Ensure all related containers are on the same network:

1
2
3
4
5
6
7
8
9
# Create network if it doesn't exist
docker network create phenom-net 2>/dev/null || true

# Connect existing containers
docker network connect phenom-net container-1
docker network connect phenom-net container-2

# Or start containers with --network flag
docker run --network phenom-net ...

This was identified as a root cause for 502 errors in the Phenom Drop ecosystem. Added as preflight check #11.

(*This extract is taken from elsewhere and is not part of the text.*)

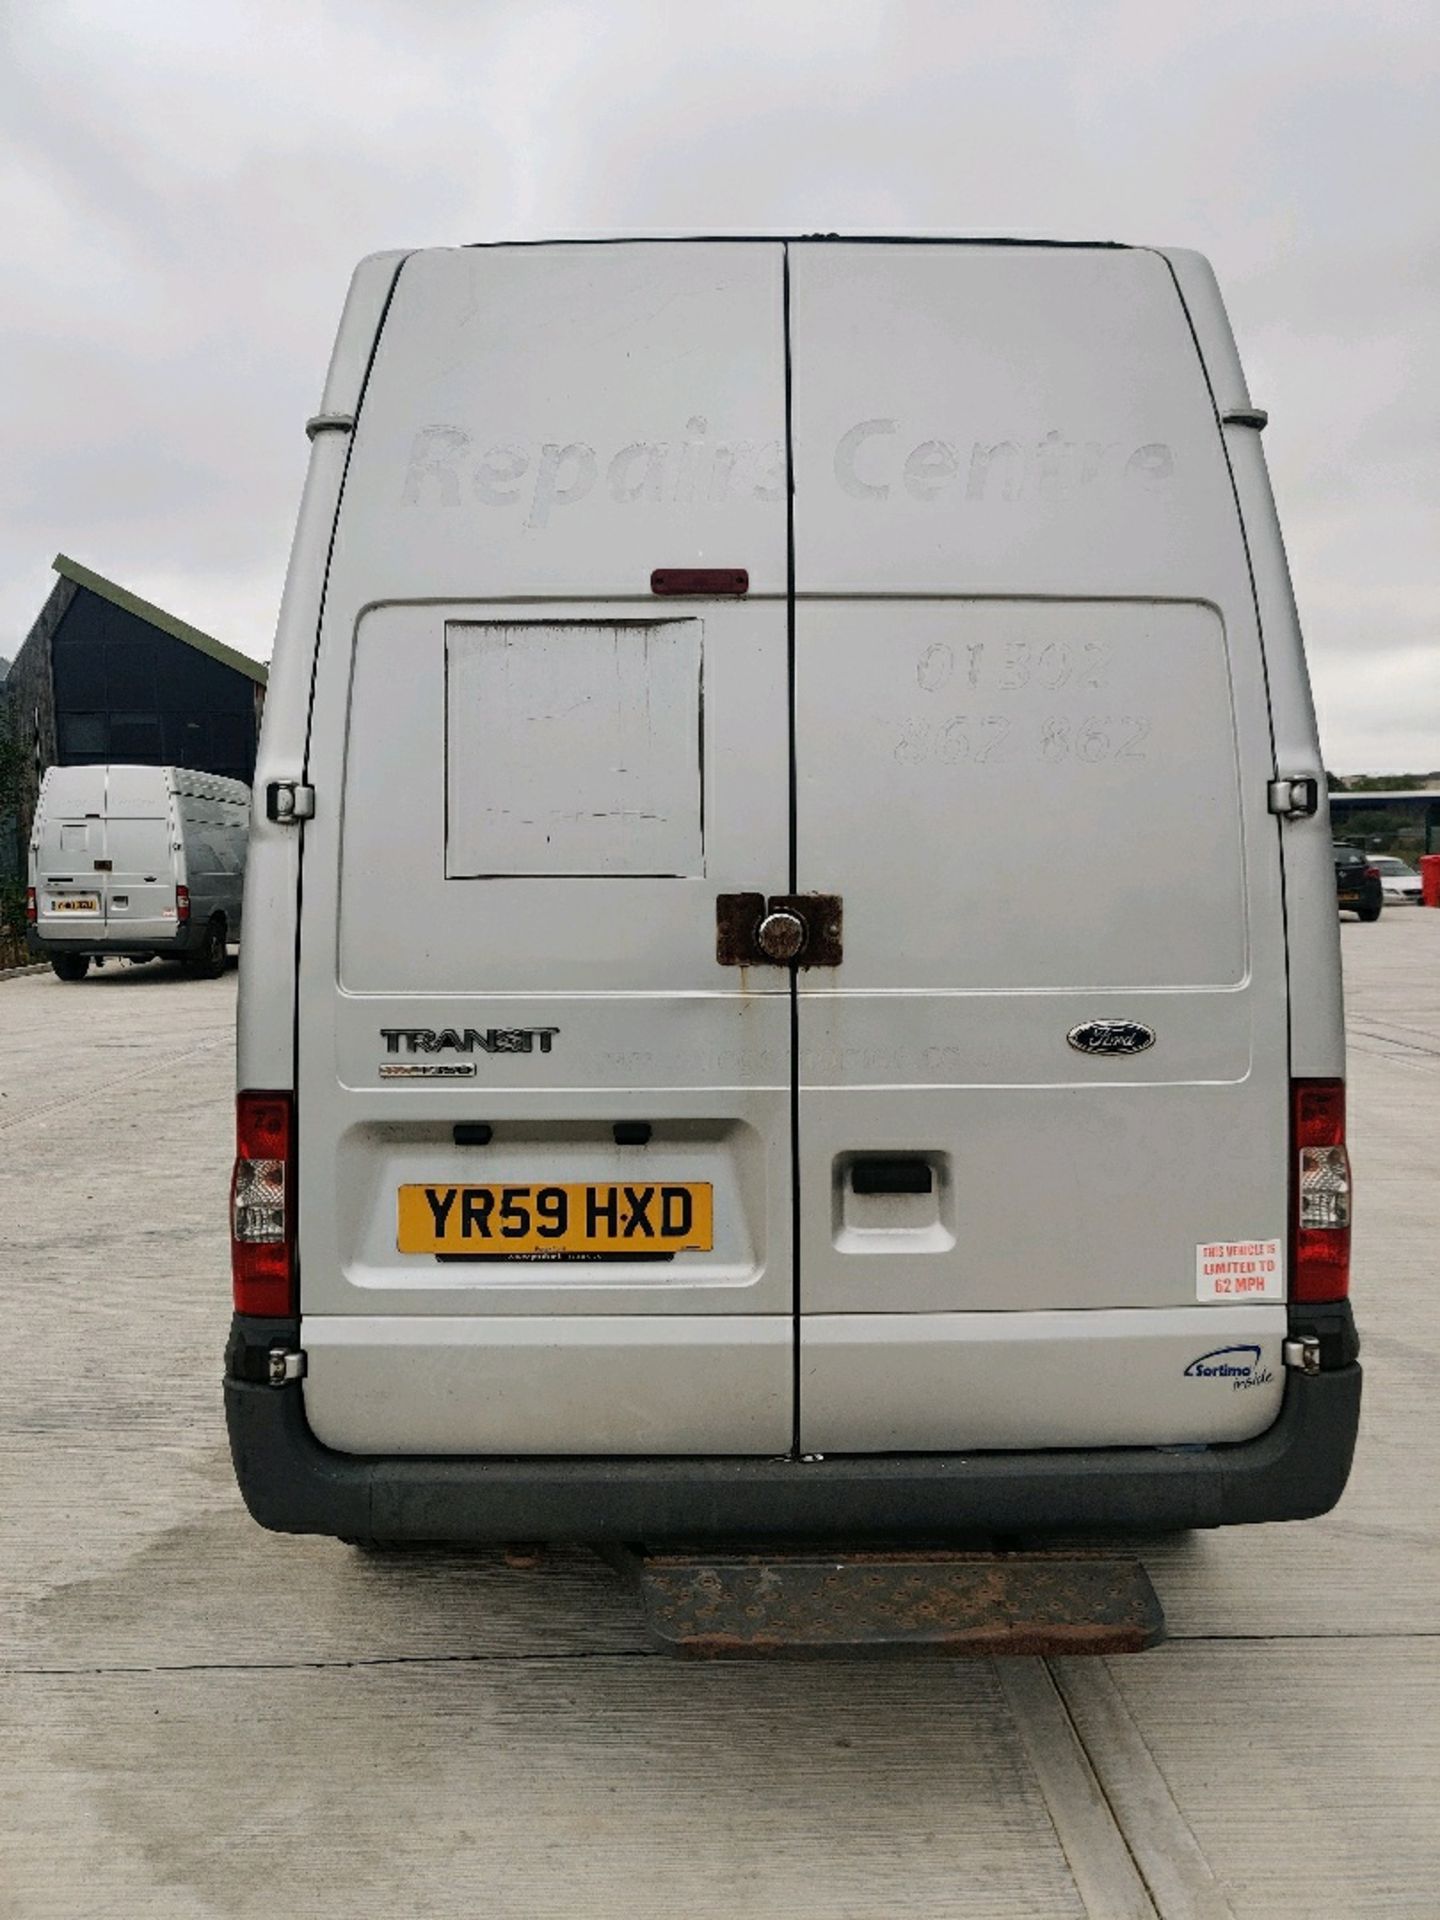 ENTRY DIRECT FROM LOCAL AUTHORITY Ford transit YR59HXD - Image 3 of 21

9. Synology Proxy vs Container Nginx Confusion

Symptoms

  • Debugging nginx configuration but changes have no effect
  • Wrong nginx version reported
  • Reverse proxy rules seem to not apply

Root Cause

The Synology NAS has its own reverse proxy (DSM built-in) in addition to any nginx running inside Docker containers. Changes to the container’s nginx have no effect if the Synology proxy is the one handling the request.

Fix

  1. Identify which nginx is serving the request:

    1
    
    curl -sI https://site.matthewstevens.org | grep "server:"
    
  2. If the Synology proxy is involved, configure it in DSM > Control Panel > Application Portal > Reverse Proxy

  3. If the container nginx should handle directly, ensure the container port is exposed and the Synology proxy is not intercepting the traffic


10. PostCSS in Nix Sandbox (Hugo Docs)

Symptoms

  • Hugo build fails with “PostCSS not found”
  • Docsy theme fails to compile SCSS/CSS

Root Cause

The Nix sandbox does not have /usr/bin/env, so PostCSS CLI shebangs fail. Additionally, npm-installed binaries in the sandbox may have broken shebangs.

Workaround

Create a wrapper script in the Nix build:

 1
 2
 3
 4
 5
 6
 7
 8
 9
10
11
12
13
14
buildPhase = ''
  npm install --no-save postcss postcss-cli autoprefixer
  export NODE_PATH=$PWD/node_modules

  # Create wrapper
  WRAPPER=$TMPDIR/bin/postcss
  mkdir -p $TMPDIR/bin
  NODE_BIN=$(command -v node)
  BASH_BIN=$(command -v bash)
  echo "#!$BASH_BIN" > $WRAPPER
  echo "exec $NODE_BIN $PWD/node_modules/postcss-cli/index.js \"\$@\"" >> $WRAPPER
  chmod +x $WRAPPER
  export PATH=$TMPDIR/bin:$PATH
'';

Status: This is a known workaround. The Hugo docs build in verifieddit-www currently skips PostCSS processing.